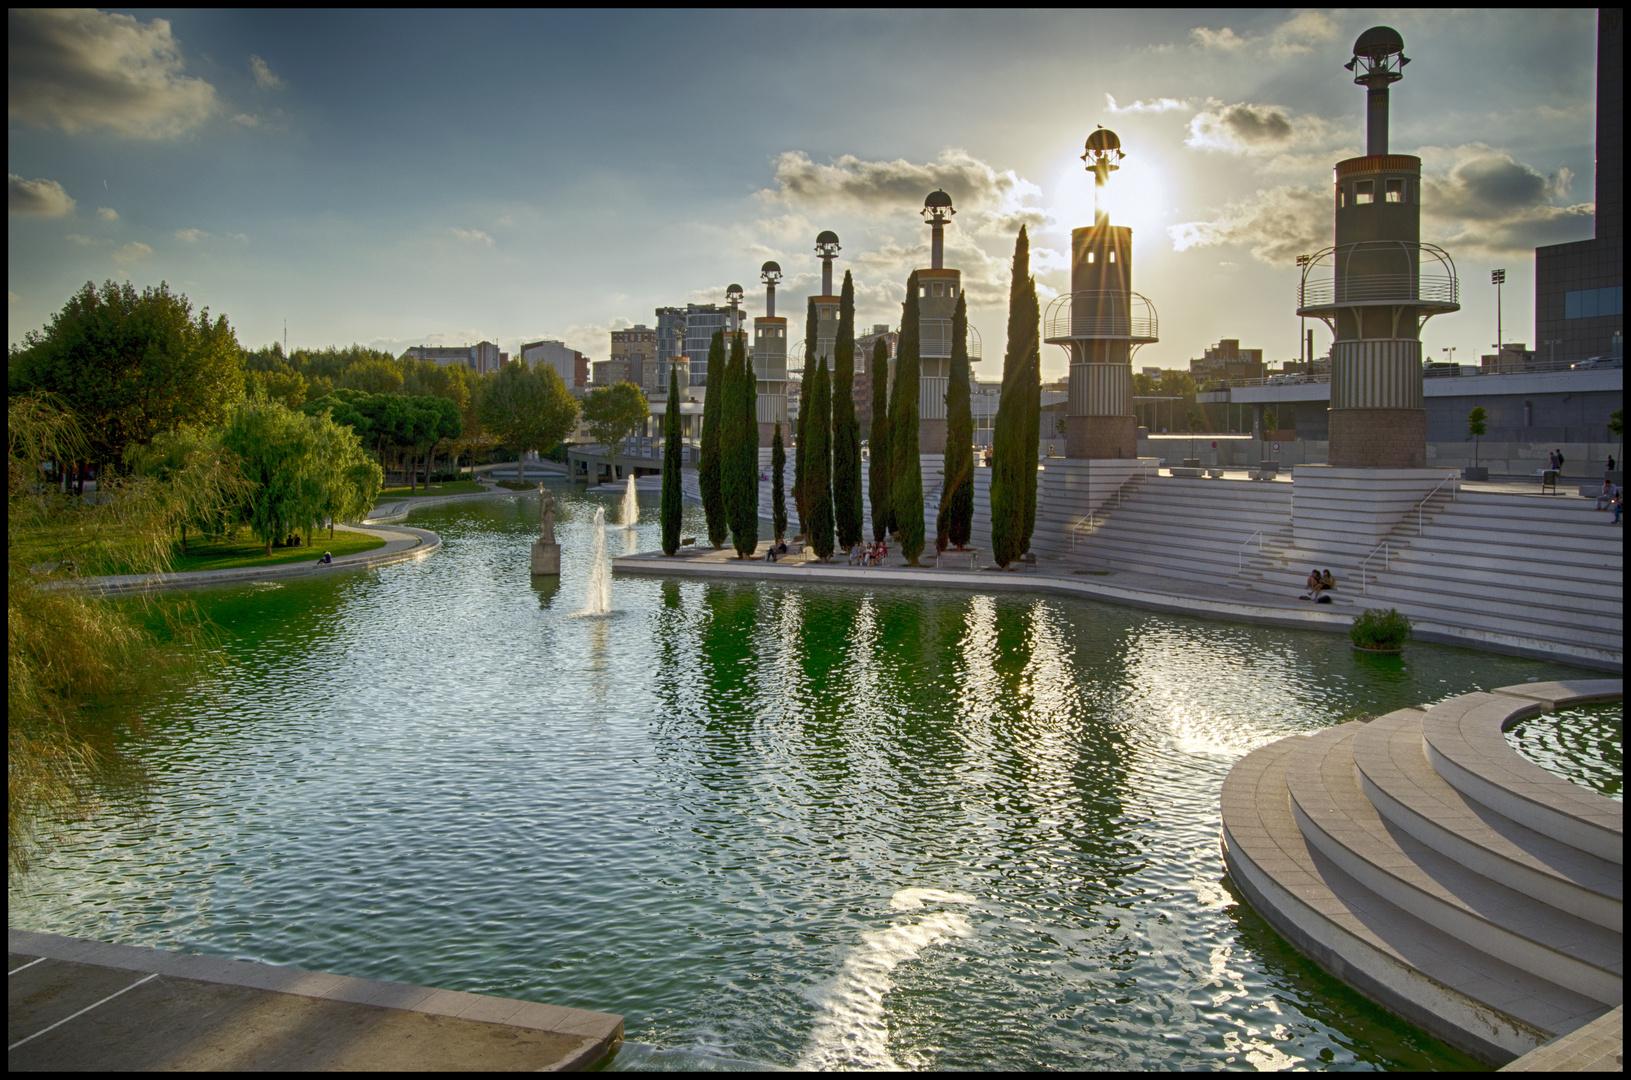 Barcelona Parc Espanya Industrial
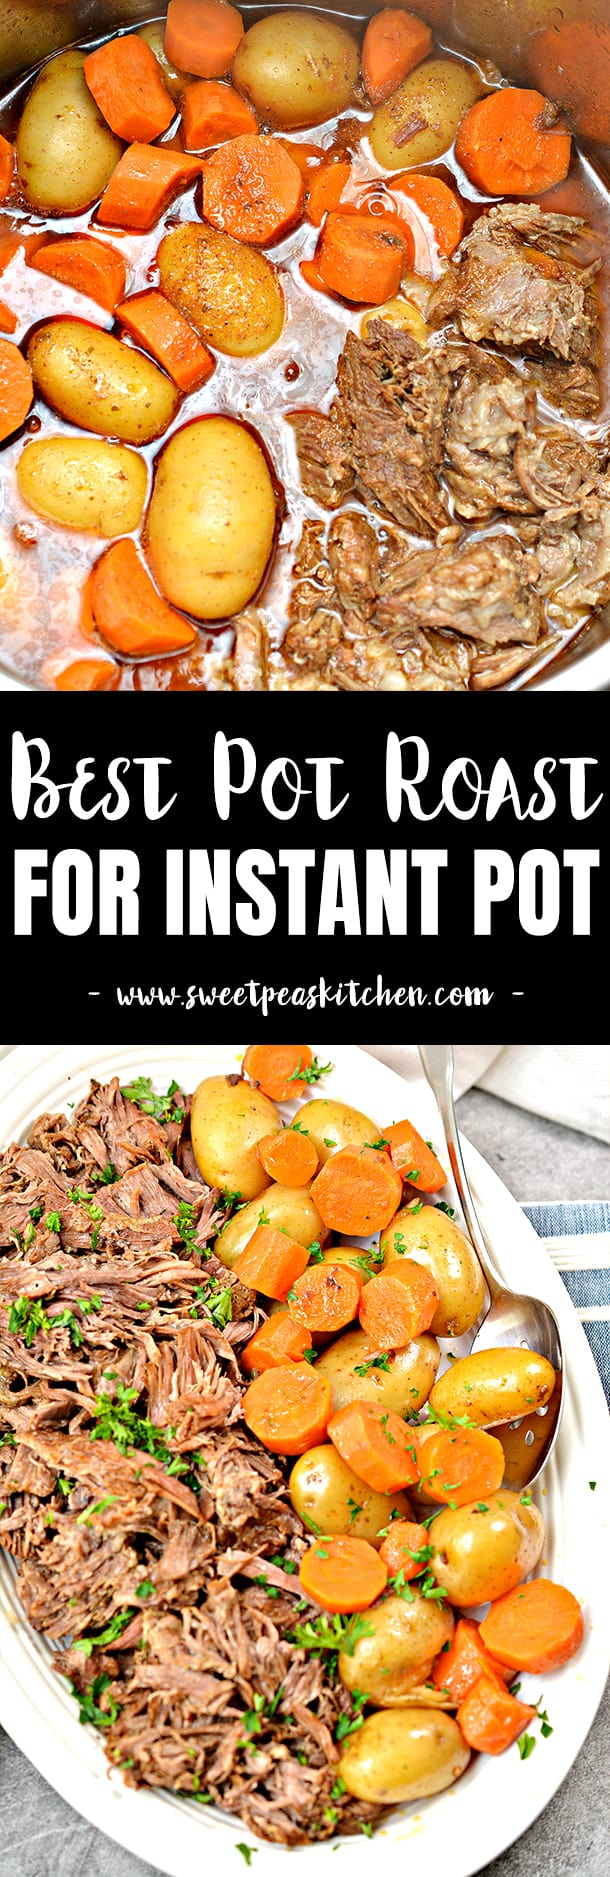 Best Pot Roast Recipe for Instant Pot
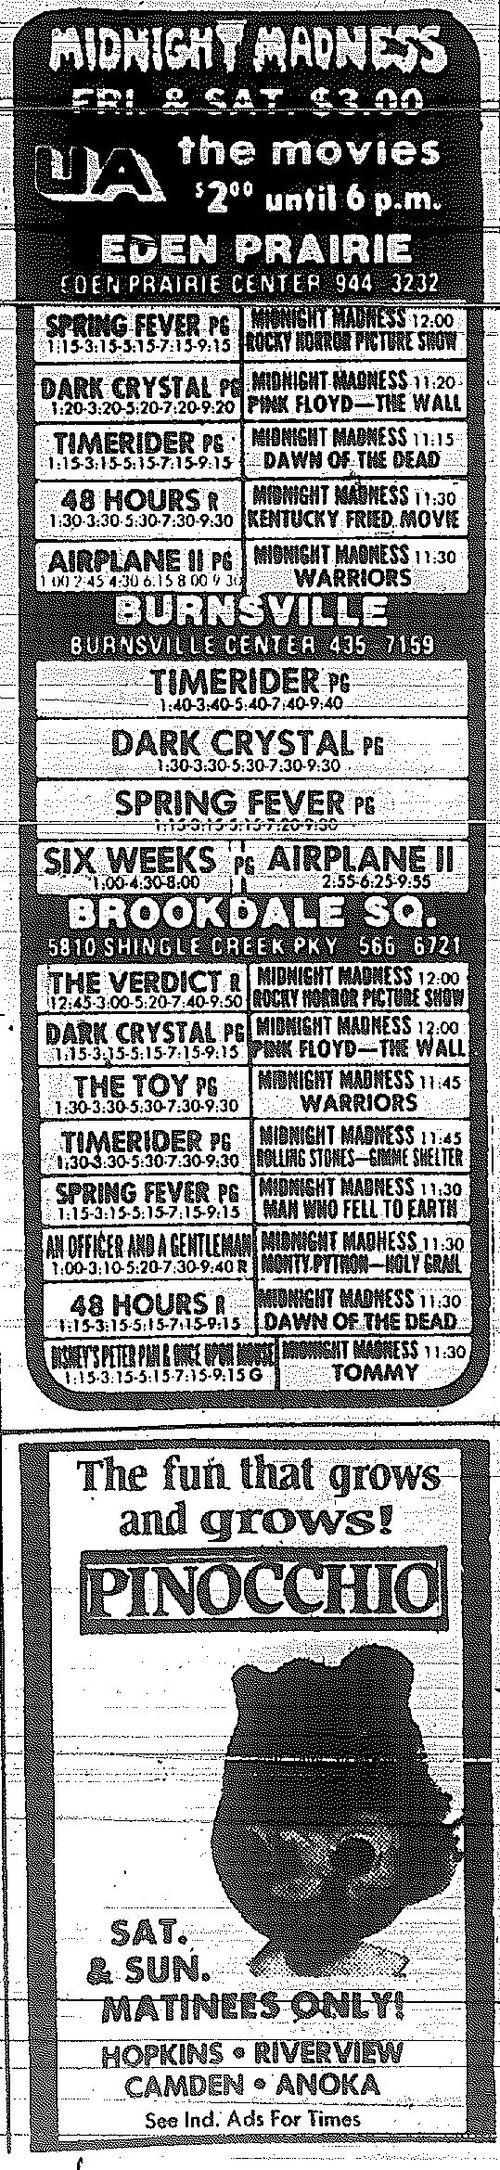 Minnesota Movie Ads 1983 14

[TASK ITEM]
The material above is to be transcribed exactly, with its images omitted.

[THE ANSWER]
 Barcelona Parc Espanya Industrial
 Best Pot Roast Recipe for Instant Pot
 Minnesota Movie Ads 1983 14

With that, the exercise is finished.